Exercise prompt: Output, word for word and without pictures, the lines from the one containing "РСП Уралэнерго 1" through the final line of the listing below.

Data excerpt:
┌──

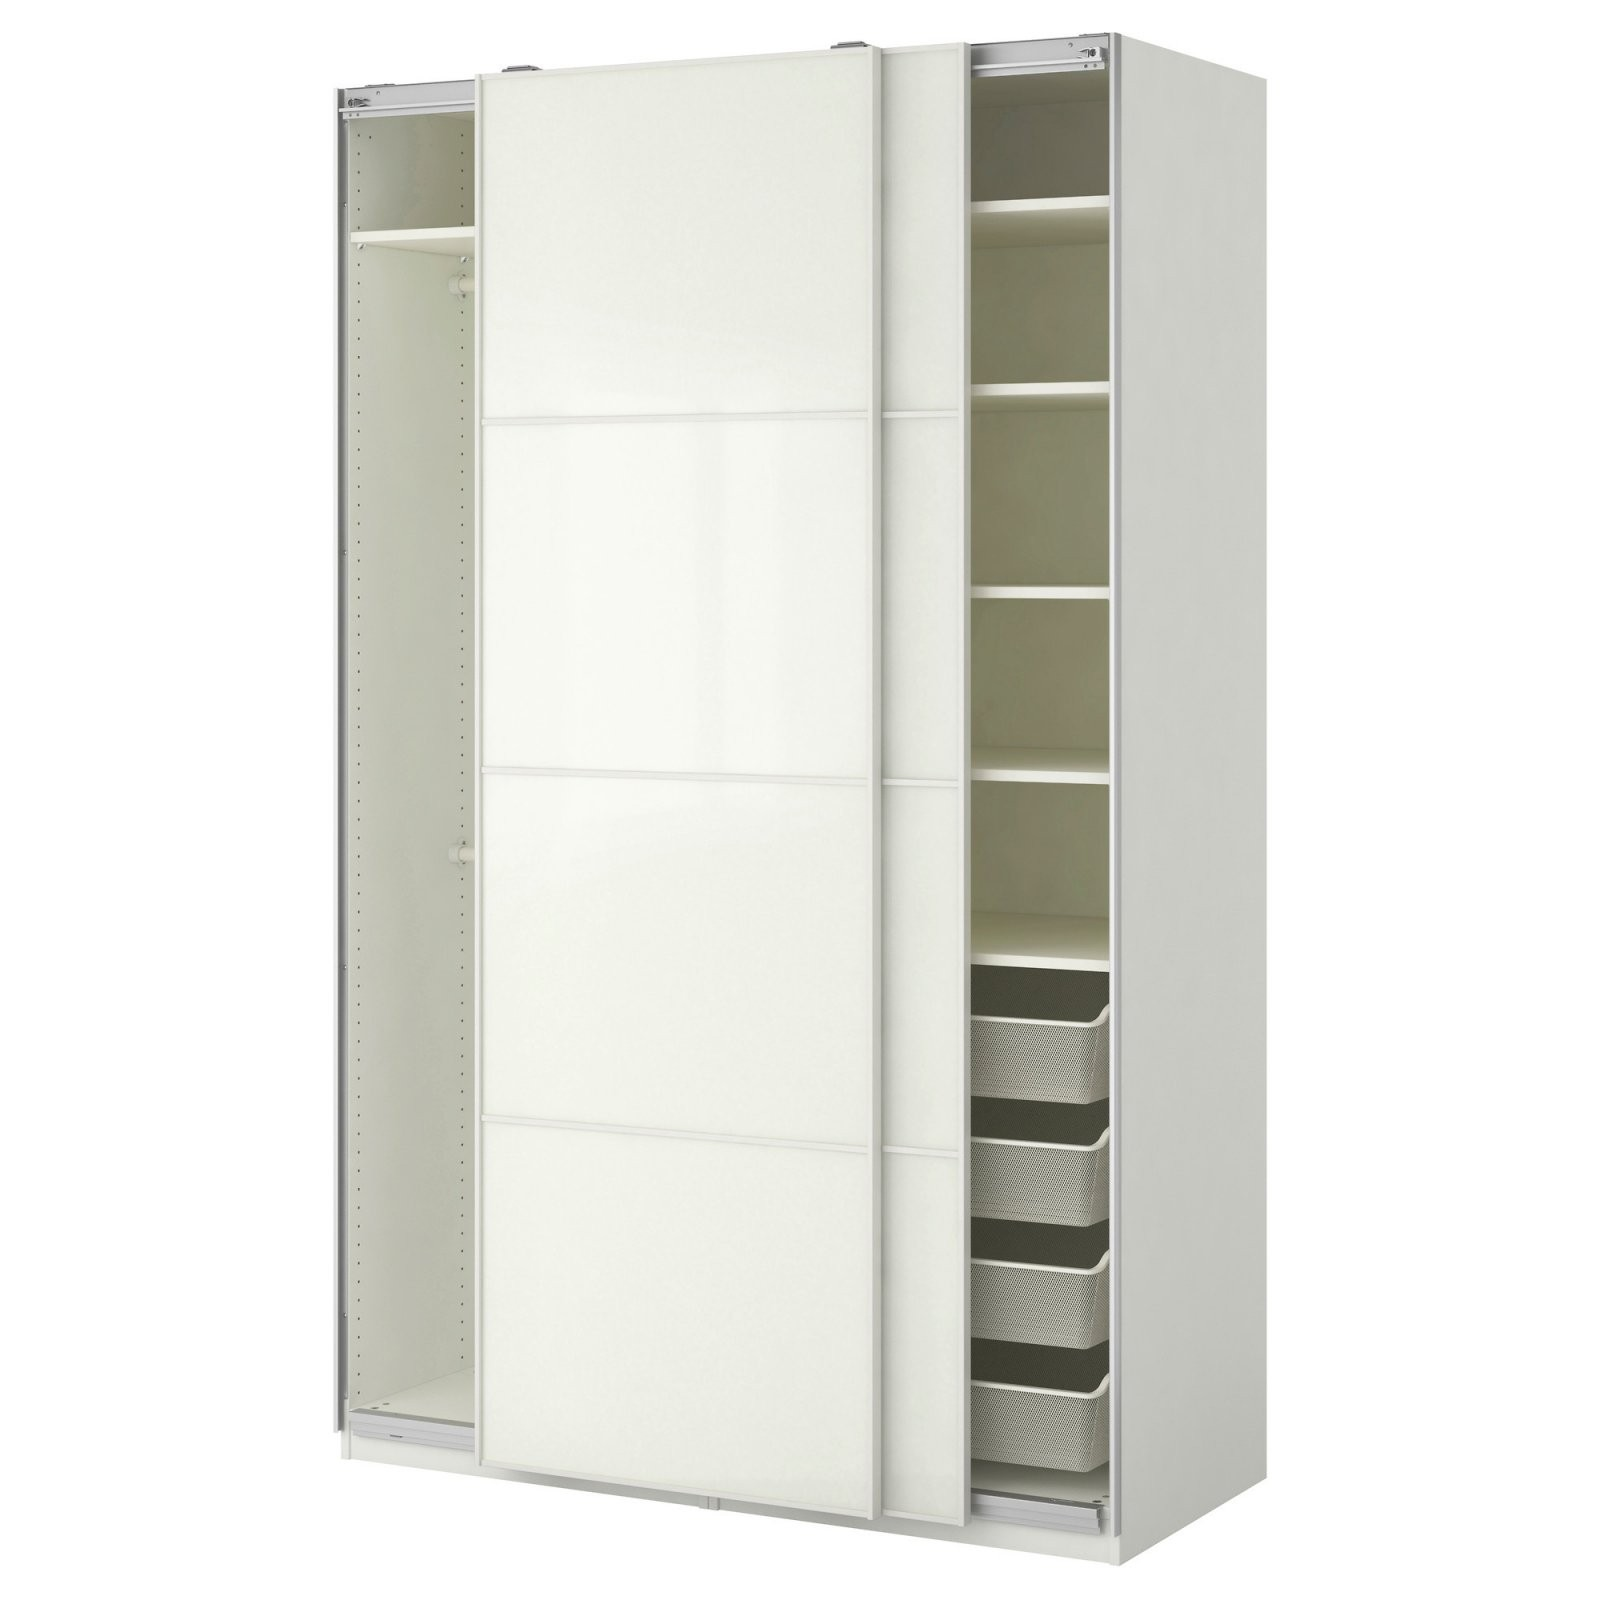 Prestigeträchtig Kleiderschrank Weiß 120 Cm Breit  Sulzerareal von Kleiderschrank Weiß 120 Cm Breit Bild
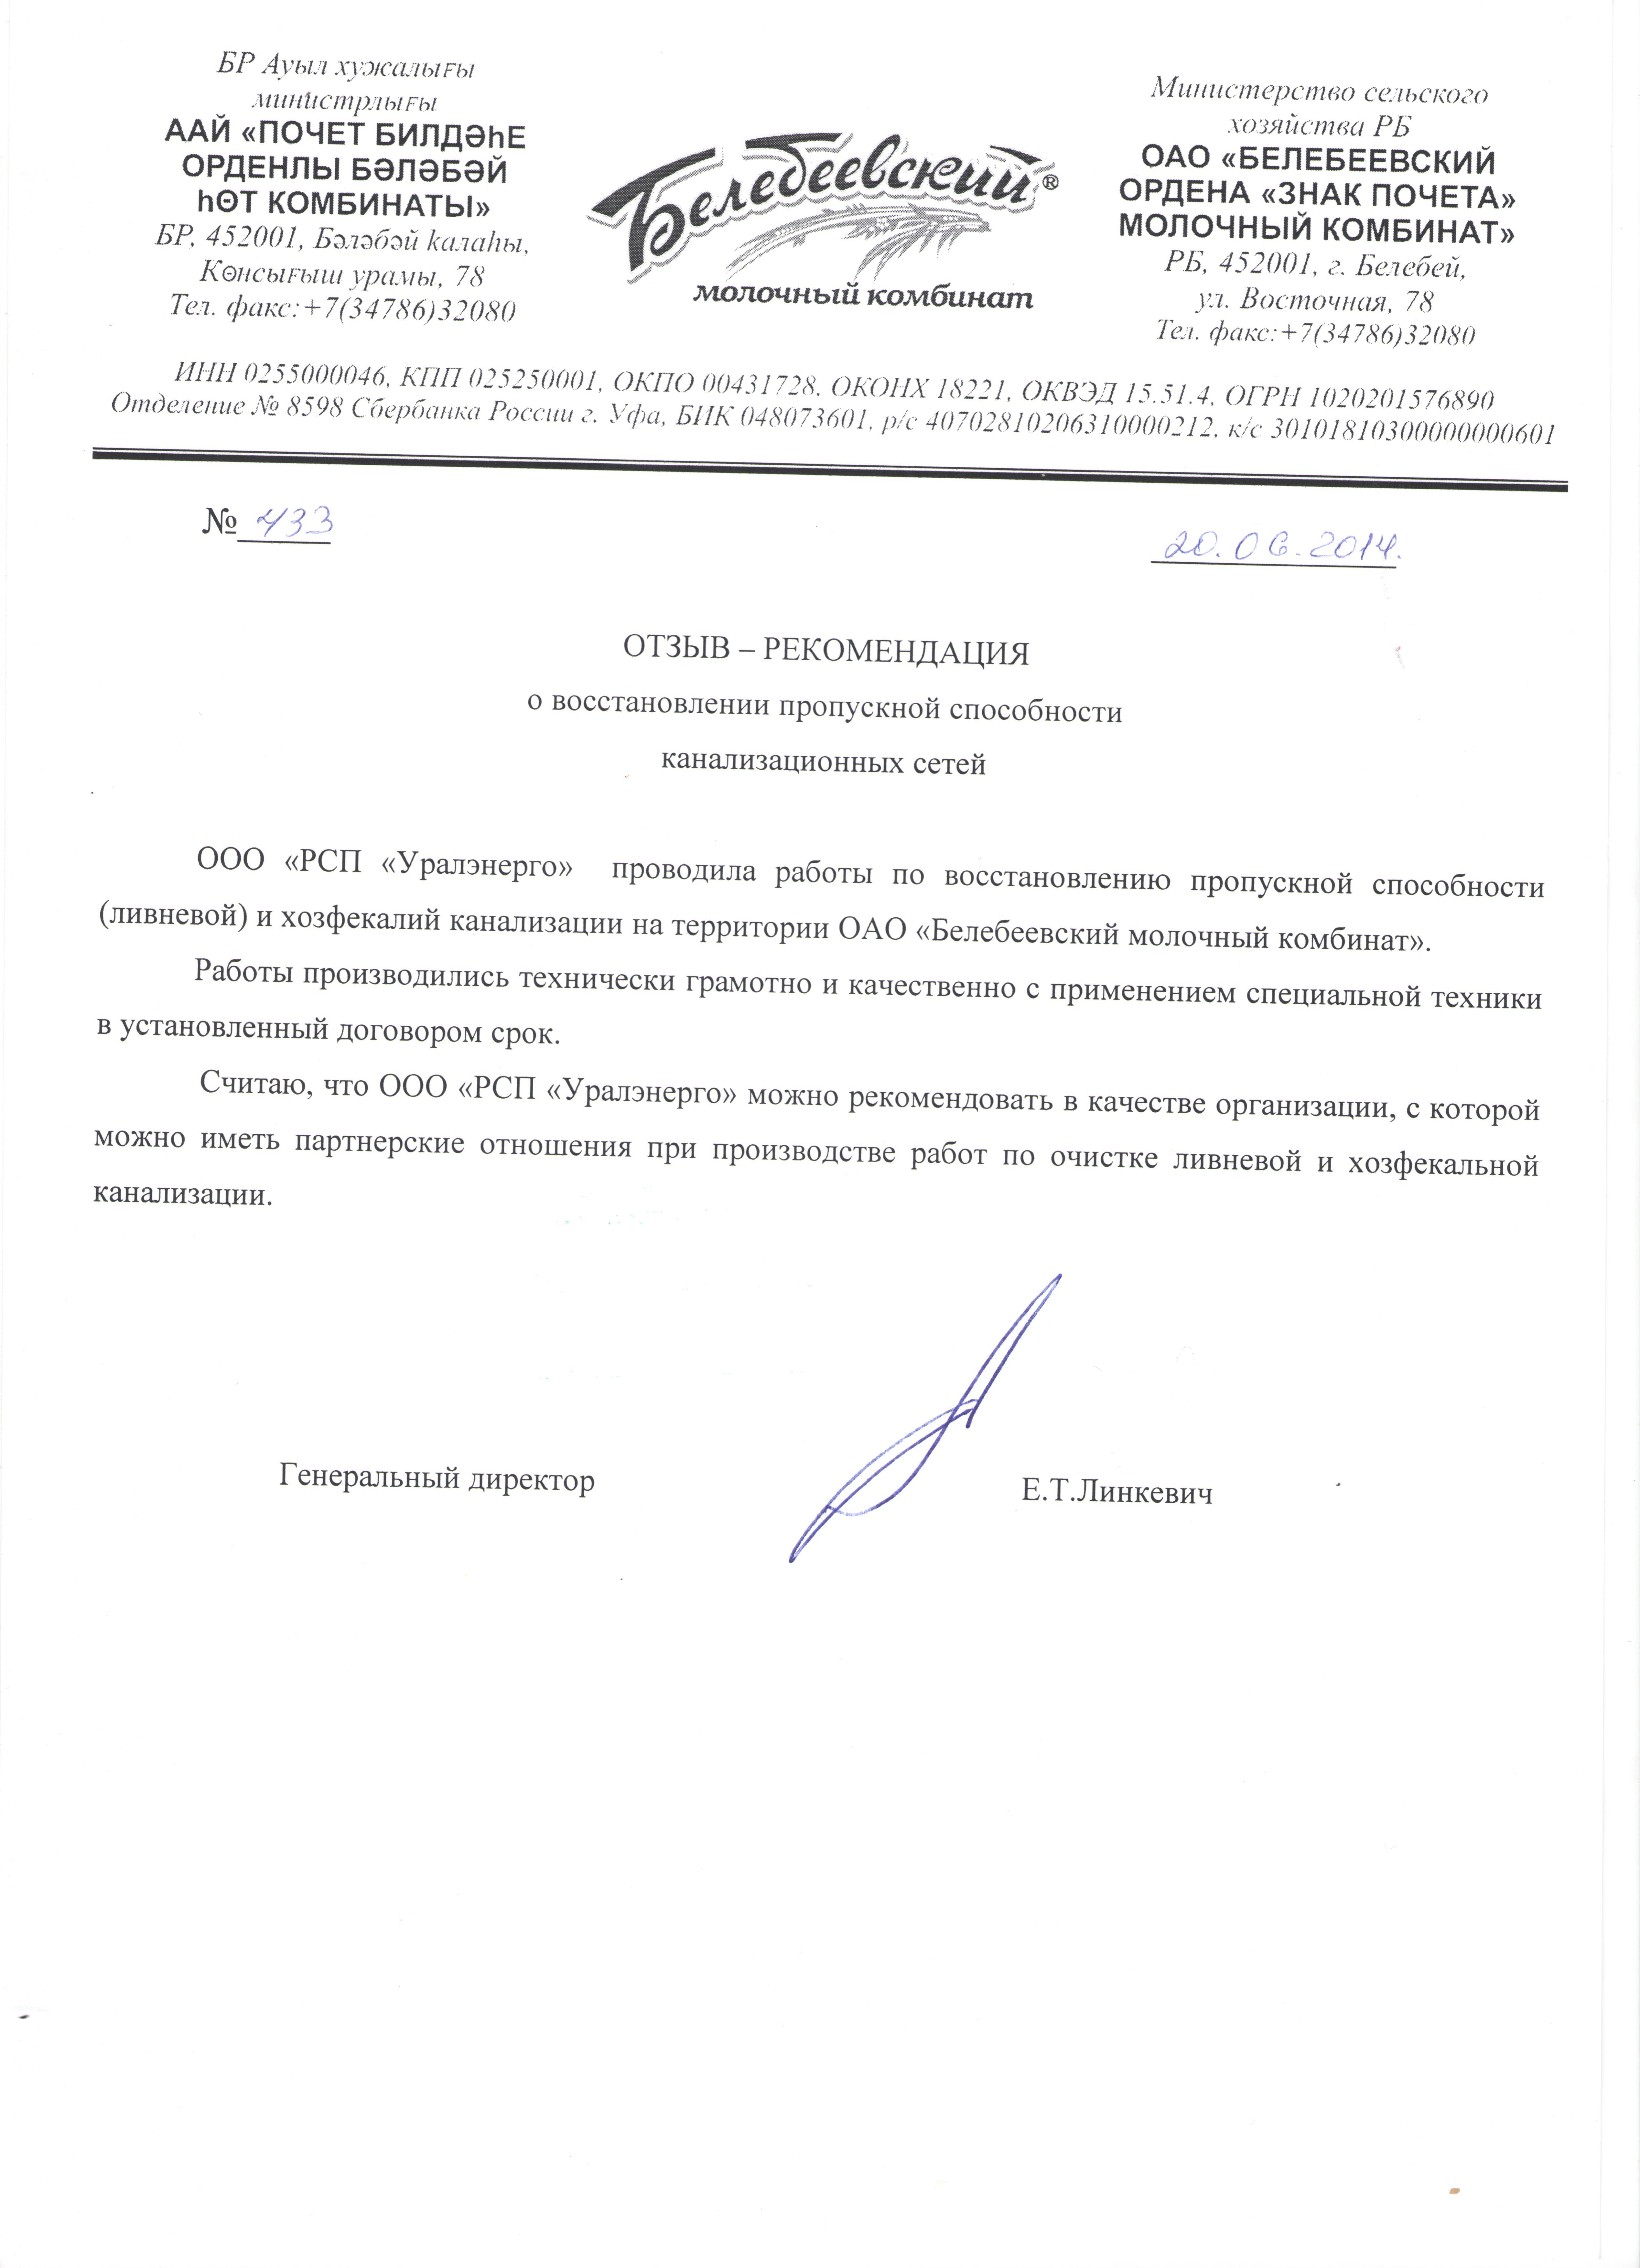 РСП Уралэнерго 1
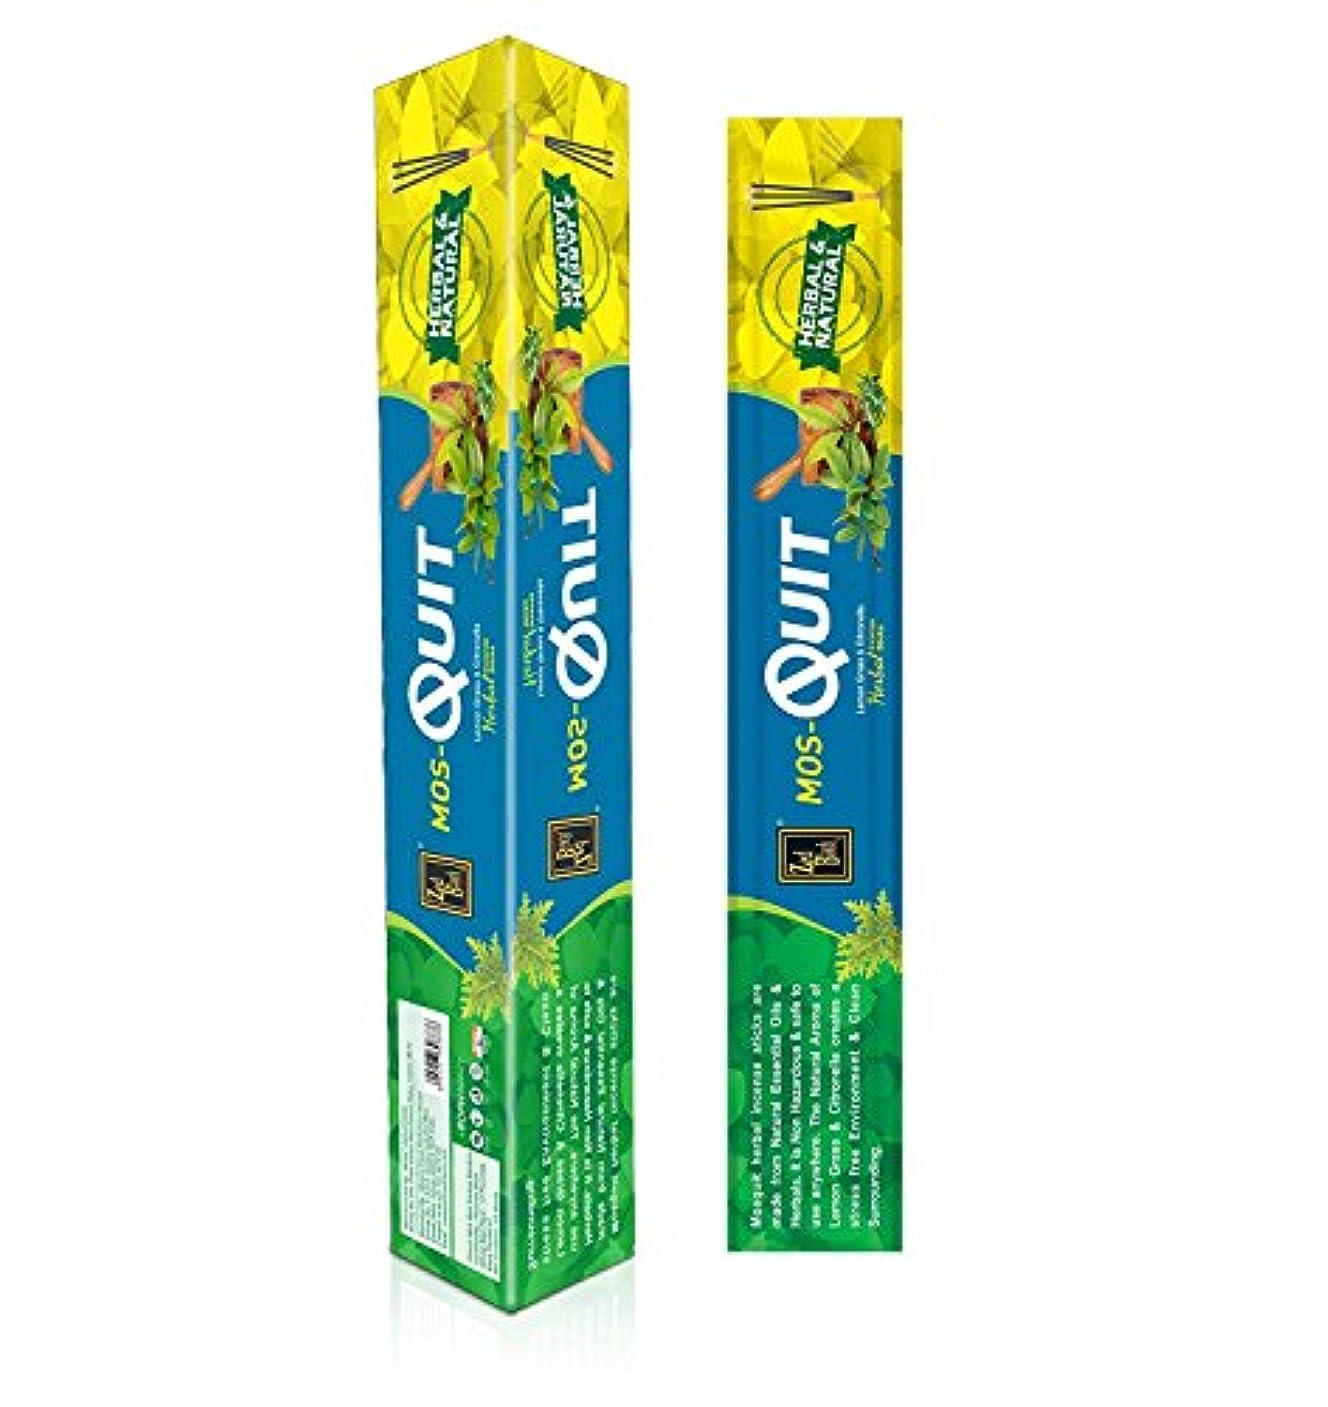 サーキットに行く性能返済Mosquit Incense Sticks – 120ハーブスティック – Mosquito Repellent自然な香りSticks – 効果的な& worthy-madeから天然エッセンシャルオイル、ハーブ製品 –...

└──

The completed task:
 РСП Уралэнерго 1
 サーキットに行く性能返済Mosquit Incense Sticks – 120ハーブスティック – Mosquito Repellent自然な香りSticks – 効果的な& worthy-madeから天然エッセンシャルオイル、ハーブ製品 –...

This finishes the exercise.